Но более глубокую точку зрения на участие России в мировой войне высказали православные мыслители. Хотя вопрос о будущем статусе Константинополя и Константинопольского патриарха даже среди православных деятелей носил дискуссионный характер, все истинно православные люди были убеждены, что исполнение Россией религиозно-исторической миссии освобождения храма Святой Софии требовало от русских высокого православного самосознания, а не языческого национализма. Между тем уровень уяснения не только религиозных задач Великой войны, но и вообще религиозно-мистического момента военного противоборства был крайне низок не только в обществе, в среде военачальников, но даже и у некоторых высокопоставленных священнослужителей. Первоначальный патриотический подъем не имел глубокой духовной основы. Он оказался крайне поверхностным. Под влиянием неизбежных почти во всякой серьезной войне временных неуспехов, патриотизм стал остывать, сменяясь жалобами на “усталость” общества и традиционными для интеллигенции нападками на власть, якобы виноватую в затягивании войны и даже в государственной измене!
Высокая вероятность краха традиционной России в процессе ведения тяжелой войны была очевидна многим внимательным наблюдателям еще до начала военного периода. Ведь вполне понятно, что участие России в мировой войне при ослаблении русского православного духа, при острых внутренних противоречиях и застарелой оппозиционности высших слоев общества резко повышало неустойчивость политического положения страны. Тем более, что ввязавшись в военное противоборство с Германией и Австрией Россия не ужесточила внутренний режим.
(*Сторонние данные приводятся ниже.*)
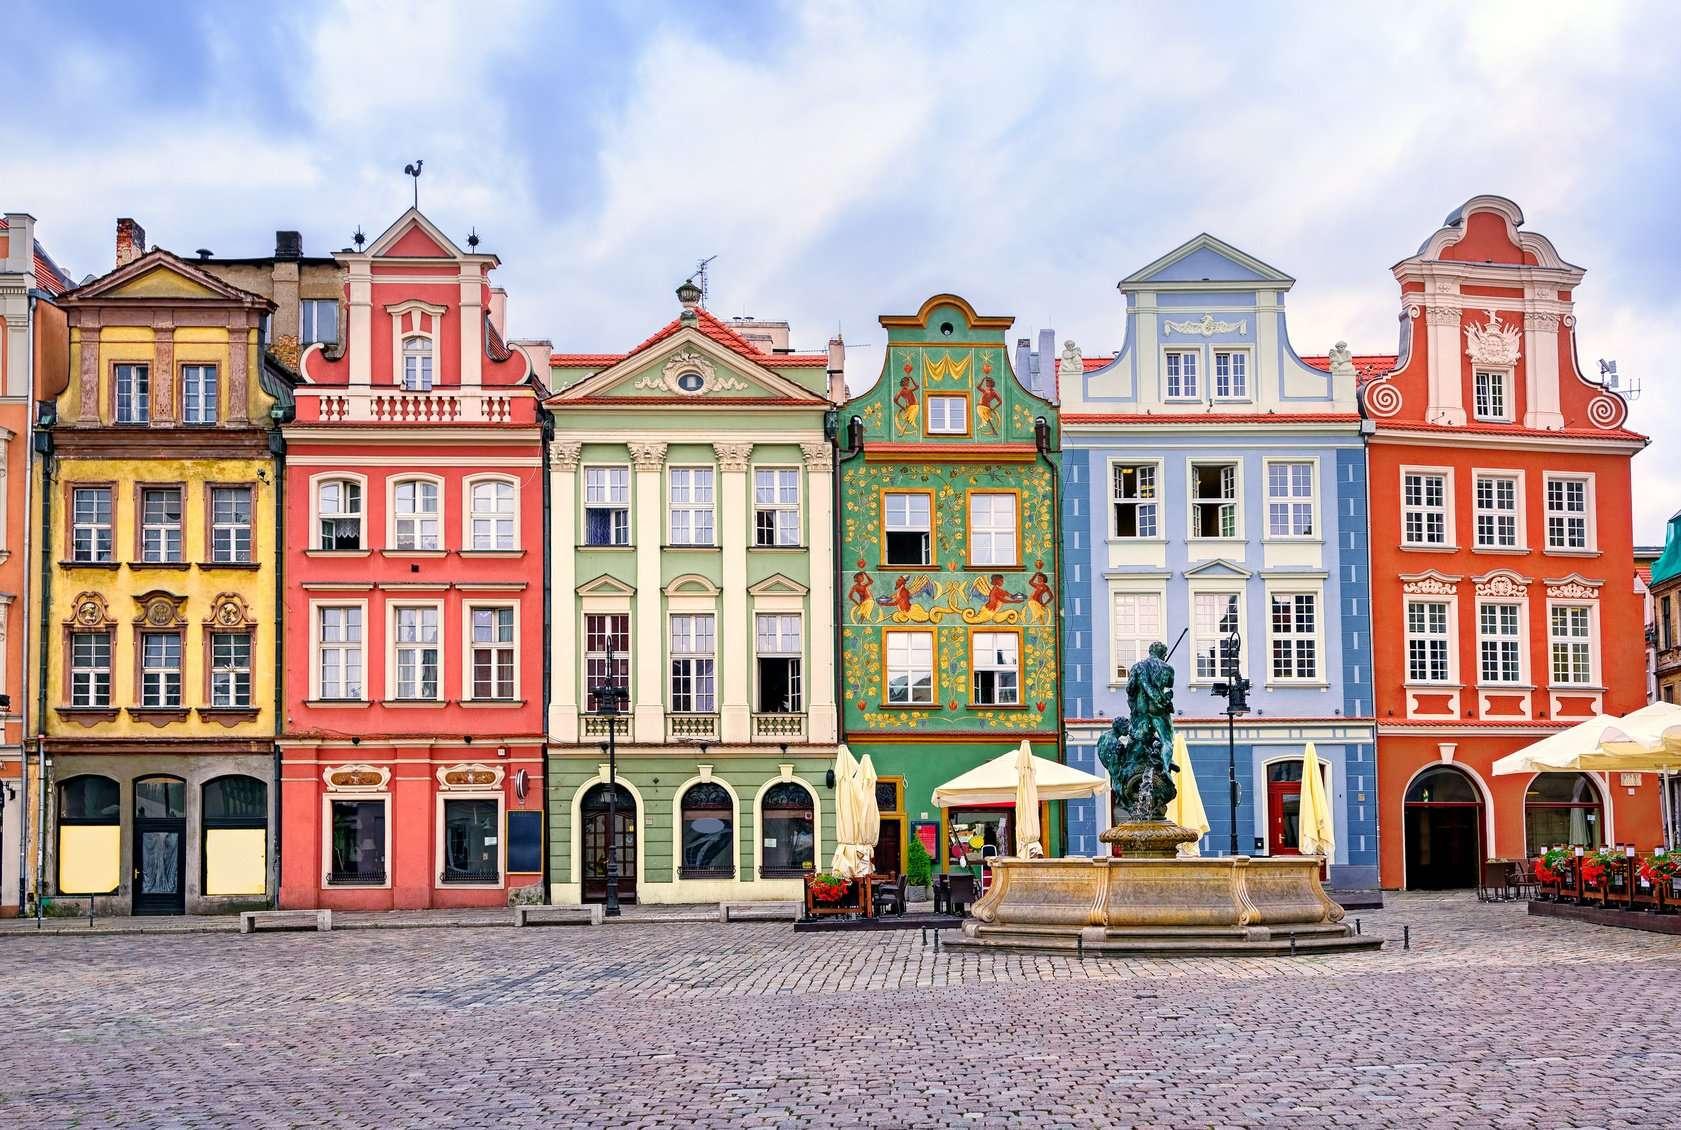 Schilderachtig mazuri en gdansk polen rondreizen for Meubilair plaza huizen

Не была ни распущена Государственная Дума, ни введена жесткая цензура печати, ни продумана и обеспечена повышенная защита столицы и индустриальных центров на случай беспорядков. Наоборот, чем трудней шли дела на фронте, тем более уступок оппозиции делал Государь — смягчая цензуру, созывая Думу, меняя министров ей в угоду, то есть, всячески стремясь заручиться поддержкой внутреннего врага в борьбе с врагом внешним. По справедливым словам С.С.Ольденбурга, уступки не столько успокаивали, сколько создавали желание дальше оттеснять царя от власти и порождали убеждение, что под флагом войны можно добиться тех реформ, в которых царь отказывал в мирное время.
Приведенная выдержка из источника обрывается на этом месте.